I do not believe 2 wrongs make a right all the time. But if I had the option to pay towards some high school drop out crackhead, a lazy douche living in his parents basement drinking away his EI check, or a college grad who has been laid off and would like to live as a bum for once after working hard enough to graduate high school with the grades required to enter post seconday, who has obtained a university degree, and had gone out and already entered the work force (and paid into EI as a tax payer)? I'd Choose the Educated Shred every time.


----------



## Guest (Dec 29, 2009)

CaptTenielle said:


> She needs to find work but you don't?????? THAT is the part that flamed me......by the way....it's MRS. to you! Hence the irritation on the above comment.
> 
> I drive a Ford Explorer...and have debt .......but also a sweet ass wakeboard boat and am able to BUY my season pass all because I have a job and work my ass off for everything I own.....I am able to replace gear as it breaks, fix my exploder when it does too....and have a sweet ass shuttle wagon for pow poaching......I own a house..... take a week long vacation to Lake Powell every year (and get paid while I do it).....insurance for when I break myself, and I am damn proud to say I have never, ever used food stamps or UI.......because I feel that is there for people who really need it......YOU are fully capable of getting a job......and trying to validate not getting one.....for a person that has busted her ass working as many jobs as it takes, this is highly irritating......

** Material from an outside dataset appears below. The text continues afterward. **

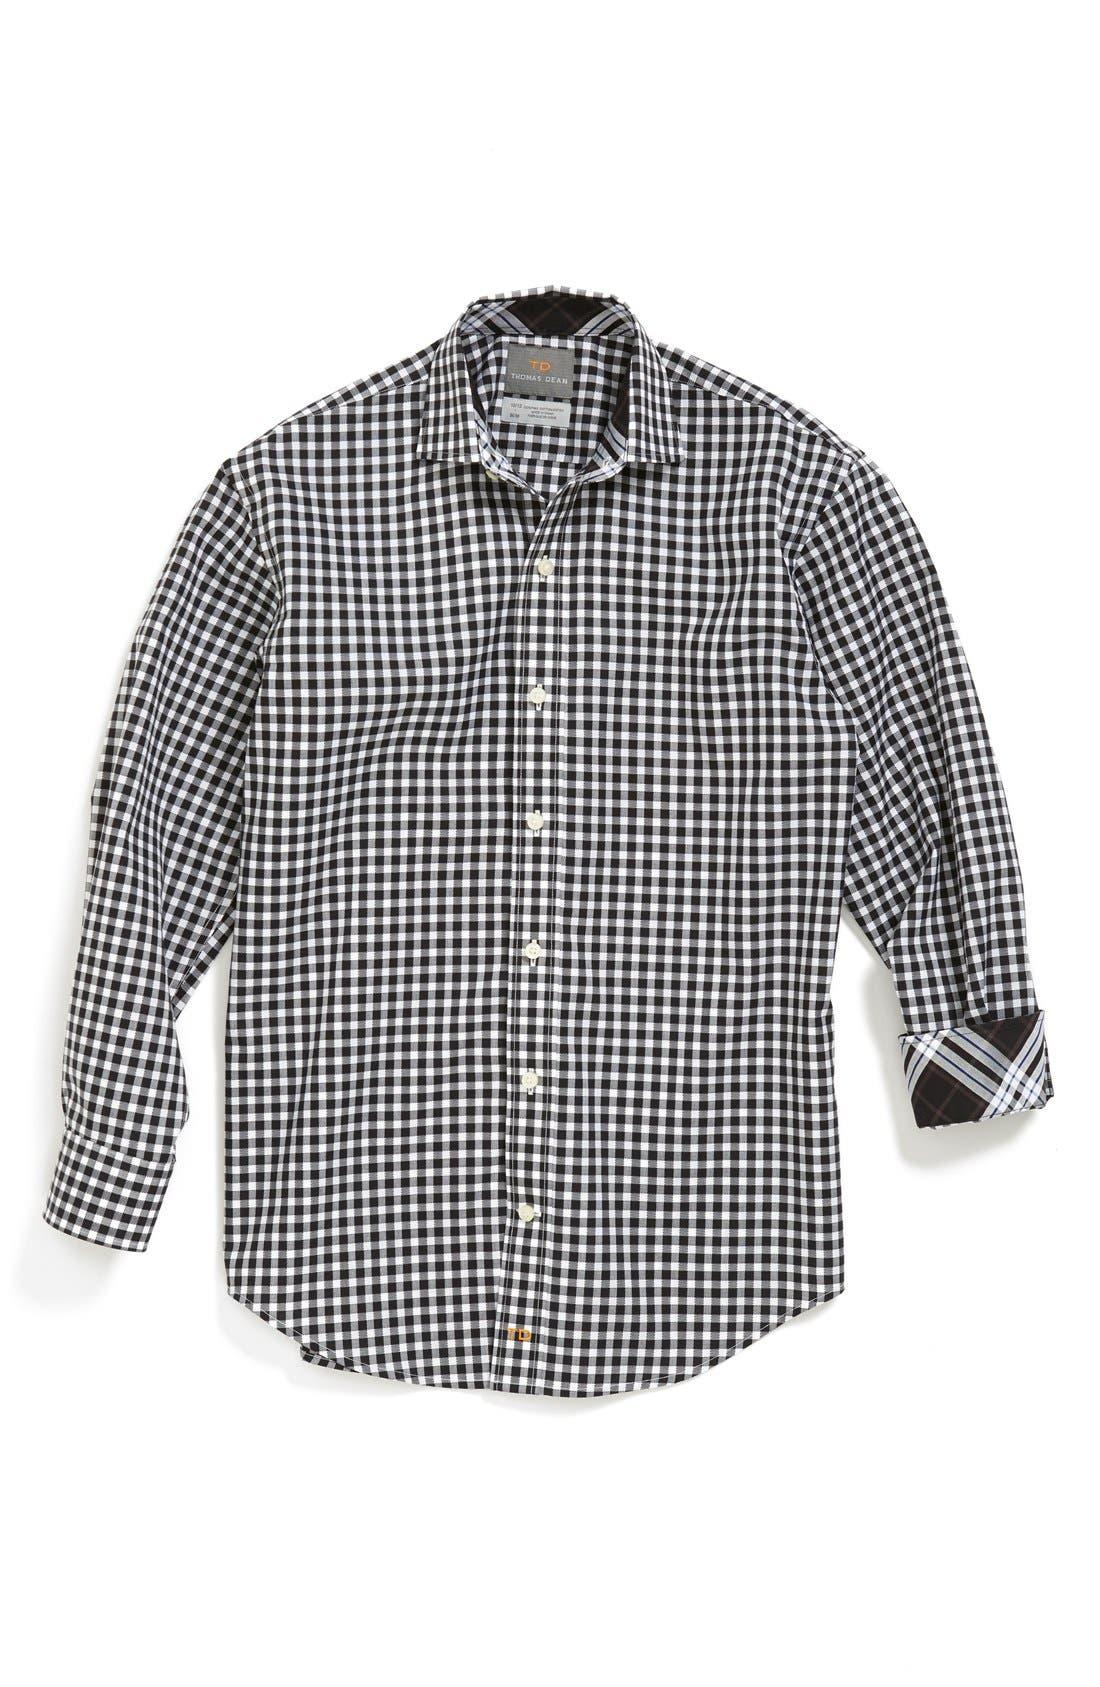 Alternate Image 1 Selected - Thomas Dean Gingham Cotton Poplin Dress Shirt (Big Boys)

Woooooooo NICELY put Tanielle...:thumbsup::thumbsup::thumbsup:


----------



## SnoRidr (Jan 7, 2009)

Has anyone mentiond that unemployment doesn't pay shit!! Good luck living on it. Looks like the OP is just looking for an excuse for laziness. Hike up the panties buddy and get a job. If you wife is working, then you better be pulling on your end too. I have a college degree, work full time, commit to my respobsibilties and still manage to get out 25+ times a year to board. Yes I love boarding and it will be a part of the lives of my wife and I, but we understand that boarding doesn't put food on the table bud.


----------



## Breckenridge (Oct 1, 2009)

I'm different than most people. I also have zero debt. I ride full time and don't work. My woman works full time because she wants to feel productive and doesnt want to ski full time. Her choice. Your woman can make her own choices also. I say never listen to the those who say you can't live your life they way you choose. Everybody told me I couldnt retire at 40 and move to Breck and ride full time. Bullshit! They still live in shitsville usa and I ride . Come to Colorado. Be happy.


----------



## SnoRidr (Jan 7, 2009)

Breckenridge said:


> I'm different than most people. I also have zero debt. I ride full time and don't work. My woman works full time because she wants to feel productive and doesnt want to ski full time. Her choice. Your woman can make her own choices also. I say never listen to the those who say you can't live your life they way you choose. Everybody told me I couldnt retire at 40 and move to Breck and ride full time. Bullshit! They still live in shitsville usa and I ride . Come to Colorado. Be happy.


Sounds like great advice...from a lazy POS. Who cares if we end up in a card board box at 65 because we "retired" at 40? Who cares if my wife works her ass off full time to support my lazy ass who spends his day drinking beer and snowboarding? It's her choice right. WRONG! She probably doesn't have a choice. You have already made that choice for her. I would dump your lazy ass to the curb if I was her. Coming to CO will make everything "happy". Since when did this state become a haven that will magically correct every snowboarder's life? 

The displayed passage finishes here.